Но размышлять и решать загадки не было времени. Бык явно не собирался спокойно смотреть на людей.

Капитан лежал на полу. Половину офицеров отделял от двери в коридор стол для заседаний, как нарочно покрытый КРАСНЫМ сукном. Остальные ни за что не покинули бы товарищей в опасности.

Оставалось одно…

Бык наклонил голову, выставив вперед два великолепных острых рога, его мощное тело напряглось, шея вздулась и… он с шумом свалился, пронзенный шестью пулями. Как выяснилось впоследствии, ни один из стрелявших не промахнулся, да и трудно было сделать это на таком расстоянии.

На выстрелы сбежались все находившиеся в здании и в изумлении остановились у порога, глядя на огромную тушу, лежавшую на полу кабинета. Никто не мог понять, как попал сюда бык.

Три часа назад семье Кустовых показалось чудом исчезновение Белки. Чудом могло показаться и исчезновение Анечки, хотя там, в доме Болдыревых, никто не подумал о «чуде». Но во всех трех случаях имело место именно чудо, потому что «чудом» как раз и называется все, выходящее за рамки естественного на уровне современной науки.

— Ну, теперь-то они не смогут отмахнуться от моего донесения, — сказал капитан Аксенов. Он пришел в себя, встал и взялся за трубку телефона. — Теперь у нас есть бесспорное доказательство! — Он кивнул на тушу быка.

Так и получилось. Ни в районе, ни в области на этот раз, видимо, не усомнились в истинности слов капитана, хотя бы потому, что оставалось одно из двух — либо поверить, либо прийти к выводу, что начальник н…ской милиции сошел с ума, а для этого не было оснований.

— Они выезжают к нам, — сказал Аксенов.

— Как вы себя чувствуете? — спросил Кузьминых. — Может быть, вызвать врача?

— Нет, не надо. Меня довольно сильно ударило дверью, больше ничего. Ну и ошеломило, конечно. Разойтись! — приказал он, обращаясь к толпе любопытных у порога двери.

Коридор опустел.

Саша вспомнил о полученном приказании.

— Товарищ старший лейтенант, — сказал он, — разрешите идти для выполнения вашего приказа.

— Да, идите!

Уходить Саше не хотелось, но дисциплина есть дисциплина. Он четко повернулся и вышел. Ему казалось ненужным после всех происшествий сегодняшнего утра предупреждать домашних, чтобы они молчали об исчезновении Белки. Он подумал, что гораздо лучше поступить наоборот и предать все это самой широкой гласности, — авось кому-нибудь придет в голову правильная догадка.

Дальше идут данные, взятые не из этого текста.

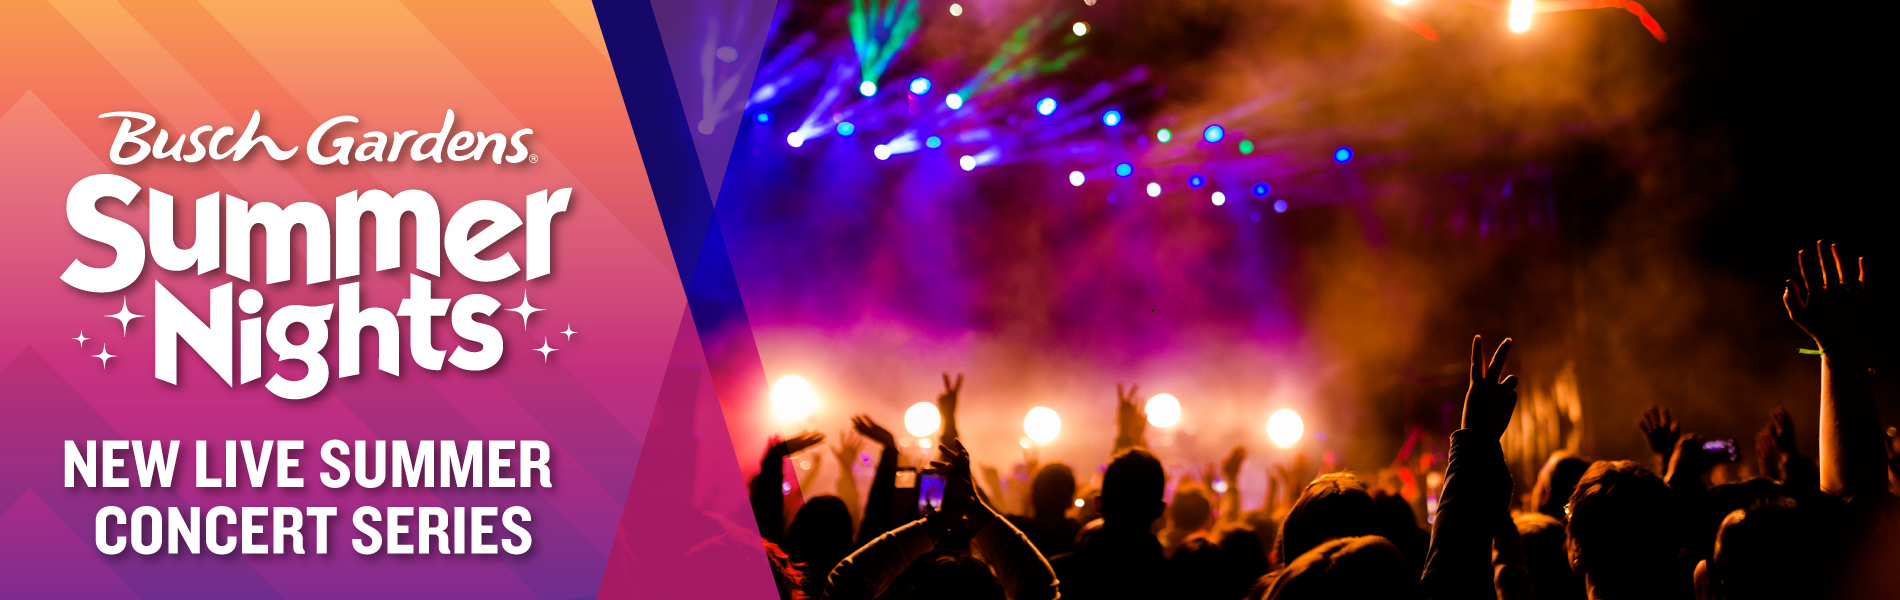 All-New Live Summer Concert Series

Пять минут быстрого хода, пять минут дома (Саша не мог не рассказать отцу и матери о происшествии в милиции, этого все равно нельзя было скрыть от жителей города), и через пятнадцать минут Саша подходил обратно к отделению. Возле дома стоял старенький ГАЗ, показавшийся ему знакомым (где-то он видел совсем недавно эту машину), а подойдя к двери, Саша едва не столкнулся с дедом, Степаном Никифоровичем, который, как уже известно читателю, работал в колхозе.

— Привет дедушке! — сказал Саша. — Какими судьбами?

— Ох, внучек! — Степан Никифорович заметно волновался. — Кабы ты только знал, что у нас случилось!

— А кто исчез?

Старик посмотрел на внука диким взглядом.

— Ты… что? — спросил он, запинаясь на каждом слове. — Ты… откуда знаешь? Разве в милиции… знают?

— Все мы знаем, все нам известно. Так кто же у вас исчез? Говори, не томи, ради бога!

— Ну, знаешь! — Степан Никифорович с шумом выдохнул воздух. — Ну и ну! Это, однако, здорово! — Он, видимо, совсем растерялся от неожиданности. — Что же это… по распоряжению…

— Вот именно! По распоряжению свыше исчезают коты и дети. Это у нас, а у вас кто?

— Бык исчез!

— Как ты сказал?

— Бык исчез, говорю!

— Бык?!

От удивления Саша совсем по-детски раскрыл рот. В колхозе бык, и здесь тоже бык. Там пропал, здесь появился! Что за дьявол!

— Исчез бык, — повторил Степан Никифорович. — Наш знаменитый производитель симментальской породы. Медалист!

— Исчез сегодня, в десять минут восьмого? Так?

— Да… вроде этого. Десять минут восьмого, да… наверное, так. Значит, это… что же… по радио…

«При чем тут радио? — подумал Саша. — Заговорился дед! Да и неудивительно!»

— Бурый с белыми подпалинами? — спросил он, желая убедиться окончательно, хотя и так все было ясно до жути.

Старик даже не смог ничего ответить. Он знал, что Саша никогда не видел их знаменитого быка, так как после возвращения из школы милиции ни разу не был в колхозе. А бык совсем молодой.

— Идем, дед! — сказал Саша.

Ему не хотелось говорить здесь, на улице, что медалист симментальской породы лежит в кабинете начальника милиции, годный в лучшем случае только на мясо. Дед сам увидит. Саша знал, как дорожат в колхозах такими производителями, и ему было жаль огорчать Степана Никифоровича.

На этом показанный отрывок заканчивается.